Crashed(book three)(81)



“Good for you. Congrats.” He bites out, sarcasm dripping from his words. “Nice knowing ya.” He starts to open the front door as she yanks her arm free.

“It’s yours.”

Colton’s hand stills on the doorknob as my heart twists at the words coming from her lips. I’m watching this unfold—all of it right before my eyes—but I feel like a complete outsider, a hundred miles away. I watch his head sag down between his shoulders for a beat, notice his hands clench in fists at his sides, see the fury rage in his eyes as he turns ever so slowly around. His eyes dart over and hold mine for a beat, and what I see knocks the wind out of me. It’s not the rage they glisten with—no—it’s the disbelief laced apology he’s offering up to me. The apology that tells me deep down he fears her words are true. Lead drops into my stomach as the mask he’s let slip is reapplied, and he turns to direct his anger toward Tawny.

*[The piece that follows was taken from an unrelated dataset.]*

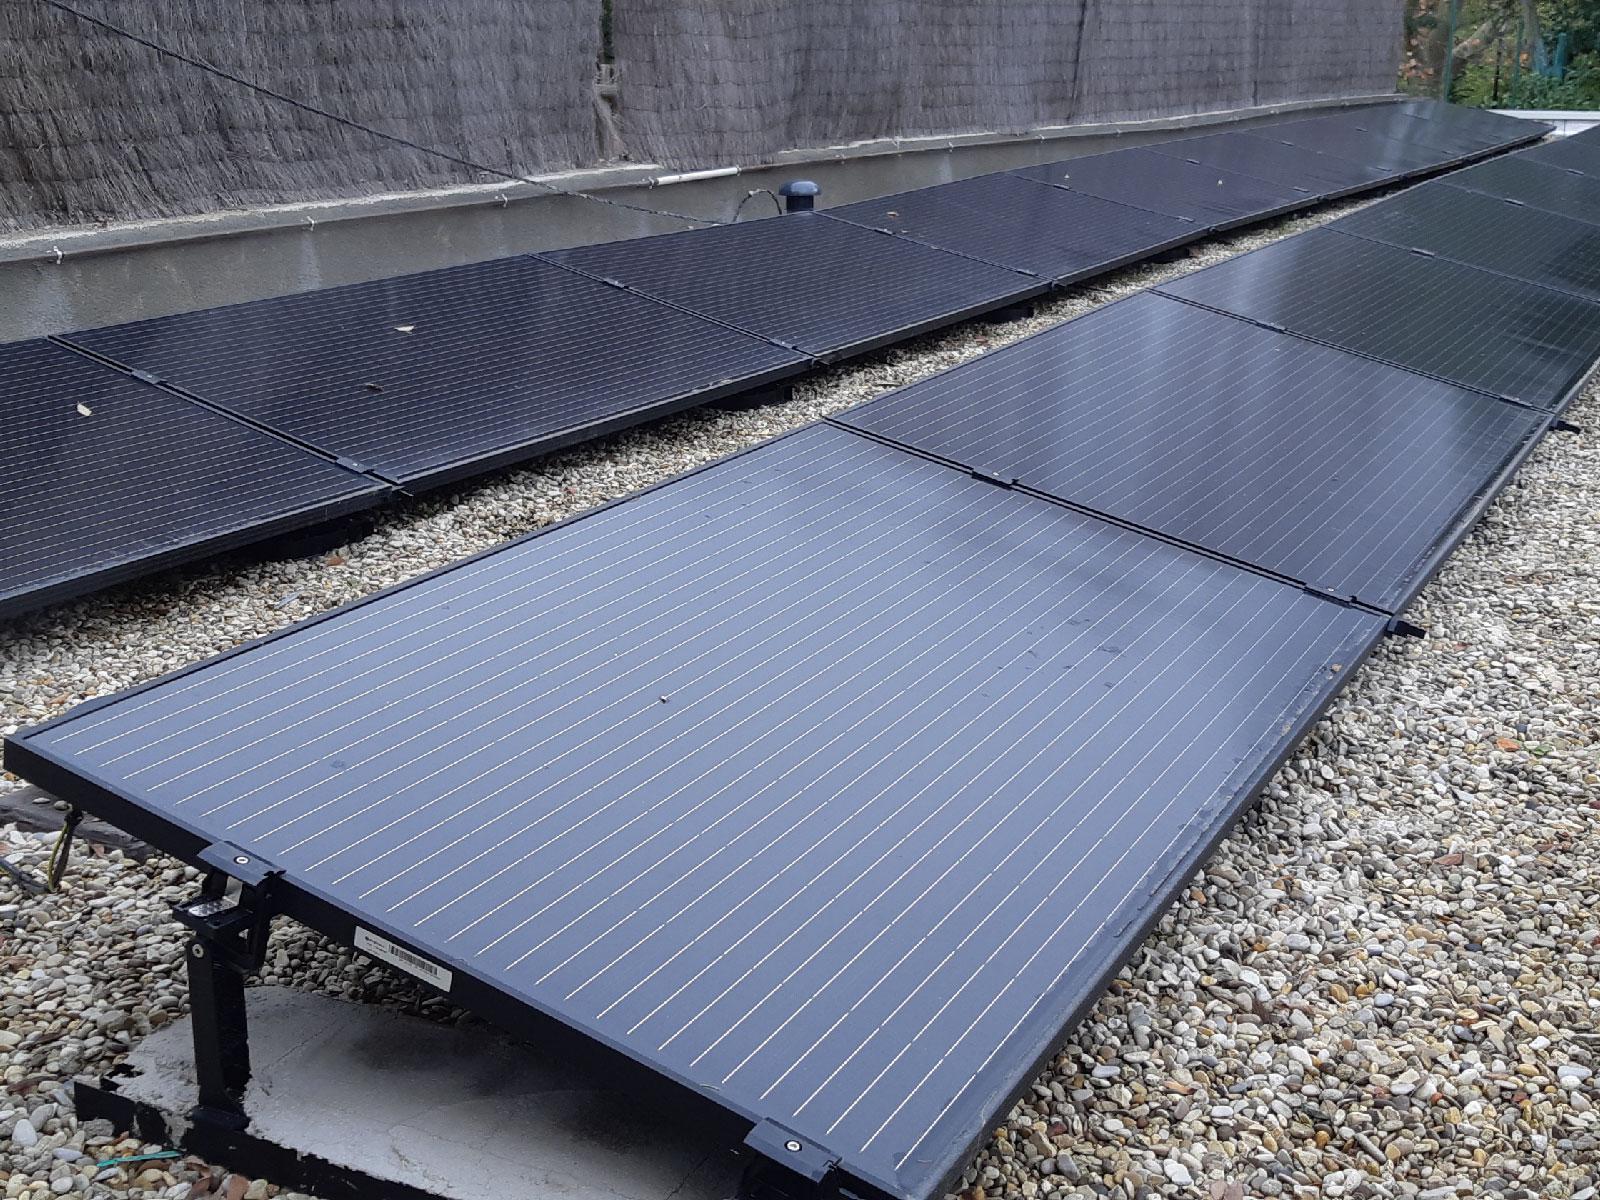 pose_de_panneaux_photovoltaïque_pour_un_rendement_optimal_gard

“You and I both know that’s not possible, Tawny.” He takes a step forward and I can see every ounce of restraint he has—how he’s trying so hard to not pick her up and physically throw her out. His eyes dart from her face to her stomach and then back up again.

“What?” she gasps, shock laced with hurt in her voice. “You don’t remember?” She holds a hand to her mouth, tears welling in her eyes. “Colton you and I … the night of Davis’ birthday party … you don’t remember that?”

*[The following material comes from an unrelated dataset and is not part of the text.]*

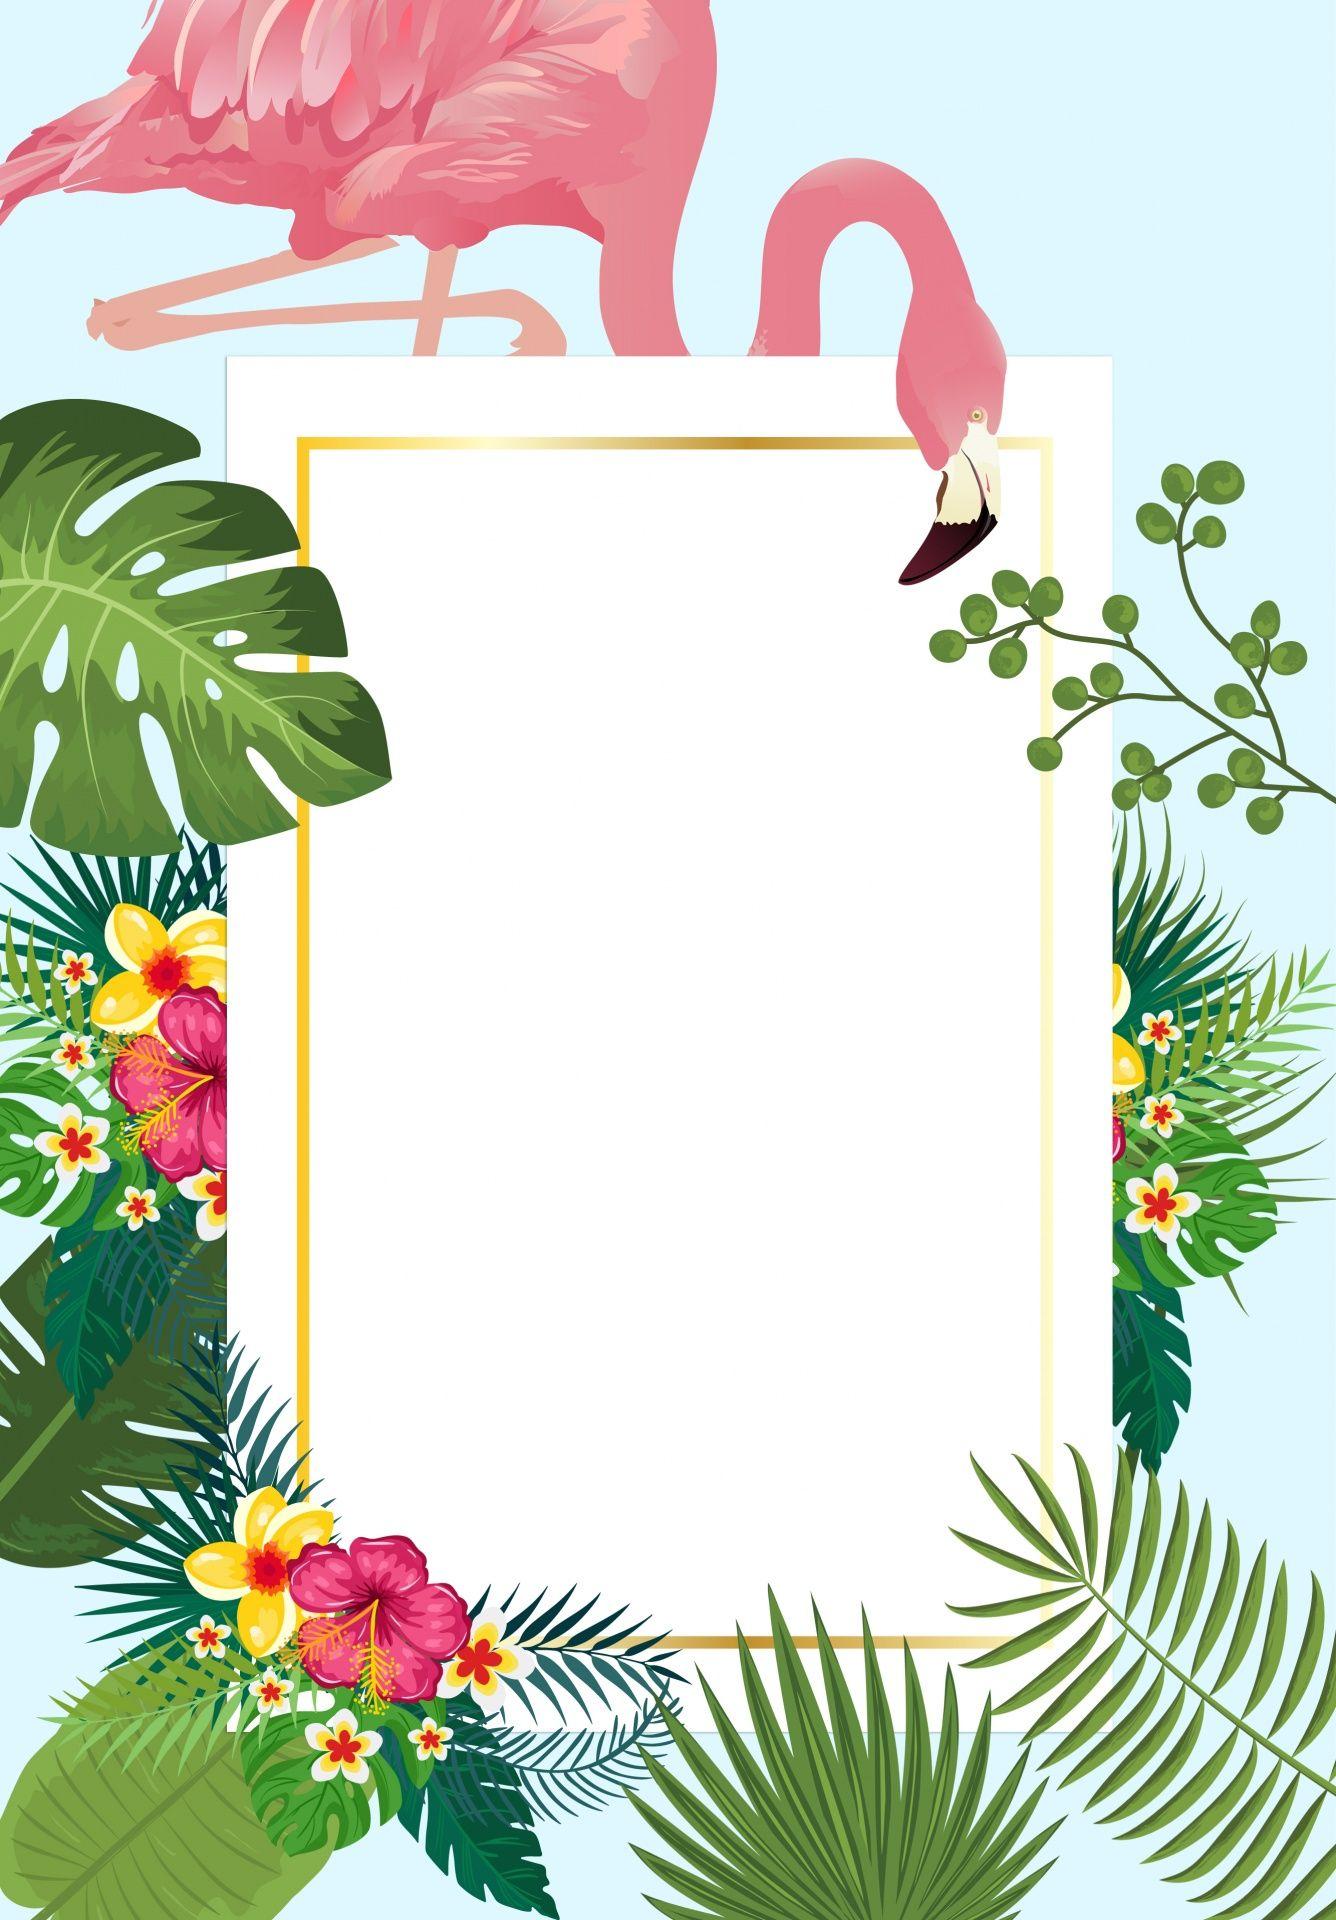 Flamingo Tropical Invitation Card Convite festa havaiana

My stomach wrenches because if I thought she might be acting—playing the part to get him back—she just stole the show with the hurt look on her face and desperation in her voice.

Oh my God. Oh my God. It’s my only coherent thought because my entire body trembles with every imaginable emotion possible.

“No,” Colton says, shaking his head back and forth, and the look on his face—the one that says if he keeps repeating no over and over this will all just be a nightmare—kills me. Tears into parts deep inside of me opening me up, preparing me for the onslaught of hurt to come.

“It’s the only possibility,” she says quietly, placing her hand over her midsection where I can see the slight bump now that her shirt is smoothed down. “I’m five months, baby.”

I have to fight the bile that rises in my throat as my faith falters. I have to force myself to breathe. To focus. To realize that this isn’t about me. That this is about Colton’s worst nightmare coming true on the heels of a truly magical night between us. But it’s hard not to.

All my mind can focus on is dates—days past—as her words sink their claws into me. Five months, five months, five months, I repeat over and over because time is so much easier to focus on than the world that’s just been shifted beneath my feet. When my mind can formulate coherent thoughts again, I realize it’s been a little shy of five months since we met. Fuck, it’s possible.

I tell myself she’s lying. That she’s trying to dig her hooks into Colton—catch the prize she wants more than anything—by pulling the I’m pregnant card. The oldest one in the book. But the evidence is there in her swollen belly and the terrified look on Colton’s face says it’s a possibility—that he’s reaching deep within the locked vault of memories and trying to find the one she’s telling him about. Fear flickers across his face, embeds itself in those eyes of his that all of a sudden refuse to look at me.

And no matter how much I want to, I can’t look away. It’s like if I keep staring at him, he’s going to look up at me and give me that smile he gave me moments ago in the pool and she’ll just disappear.